From the line containing "Mustafa TÜZ 14:00-14:50" down to the last line of the records below, restate each line word for word and leave out the rest.

(Records from a dataset)
==================================================

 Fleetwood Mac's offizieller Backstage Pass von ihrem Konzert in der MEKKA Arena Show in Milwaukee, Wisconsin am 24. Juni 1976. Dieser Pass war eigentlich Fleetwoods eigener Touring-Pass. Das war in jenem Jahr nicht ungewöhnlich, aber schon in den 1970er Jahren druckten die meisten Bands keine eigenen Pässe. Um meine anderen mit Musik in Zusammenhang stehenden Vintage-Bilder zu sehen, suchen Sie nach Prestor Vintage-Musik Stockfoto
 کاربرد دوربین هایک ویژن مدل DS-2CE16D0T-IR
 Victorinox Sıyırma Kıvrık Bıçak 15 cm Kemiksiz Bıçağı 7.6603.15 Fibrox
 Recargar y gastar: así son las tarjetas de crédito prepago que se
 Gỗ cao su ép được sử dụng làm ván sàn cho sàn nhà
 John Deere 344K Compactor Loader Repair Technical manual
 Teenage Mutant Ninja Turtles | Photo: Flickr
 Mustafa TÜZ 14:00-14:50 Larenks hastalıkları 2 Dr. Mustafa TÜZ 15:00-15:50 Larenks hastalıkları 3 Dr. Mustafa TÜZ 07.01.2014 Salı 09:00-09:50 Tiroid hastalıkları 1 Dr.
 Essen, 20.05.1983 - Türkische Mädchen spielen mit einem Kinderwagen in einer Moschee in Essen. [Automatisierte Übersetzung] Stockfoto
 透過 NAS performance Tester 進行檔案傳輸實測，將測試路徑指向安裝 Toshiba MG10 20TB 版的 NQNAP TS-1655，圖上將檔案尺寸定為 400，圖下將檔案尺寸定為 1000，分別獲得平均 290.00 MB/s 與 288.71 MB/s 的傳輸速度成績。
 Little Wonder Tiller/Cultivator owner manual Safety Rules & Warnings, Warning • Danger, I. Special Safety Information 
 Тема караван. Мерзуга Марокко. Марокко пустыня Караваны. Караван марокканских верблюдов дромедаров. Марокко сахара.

==================================================

### Answer box
 Mustafa TÜZ 14:00-14:50 Larenks hastalıkları 2 Dr. Mustafa TÜZ 15:00-15:50 Larenks hastalıkları 3 Dr. Mustafa TÜZ 07.01.2014 Salı 09:00-09:50 Tiroid hastalıkları 1 Dr.
 Essen, 20.05.1983 - Türkische Mädchen spielen mit einem Kinderwagen in einer Moschee in Essen. [Automatisierte Übersetzung] Stockfoto
 透過 NAS performance Tester 進行檔案傳輸實測，將測試路徑指向安裝 Toshiba MG10 20TB 版的 NQNAP TS-1655，圖上將檔案尺寸定為 400，圖下將檔案尺寸定為 1000，分別獲得平均 290.00 MB/s 與 288.71 MB/s 的傳輸速度成績。
 Little Wonder Tiller/Cultivator owner manual Safety Rules & Warnings, Warning • Danger, I. Special Safety Information 
 Тема караван. Мерзуга Марокко. Марокко пустыня Караваны. Караван марокканских верблюдов дромедаров. Марокко сахара.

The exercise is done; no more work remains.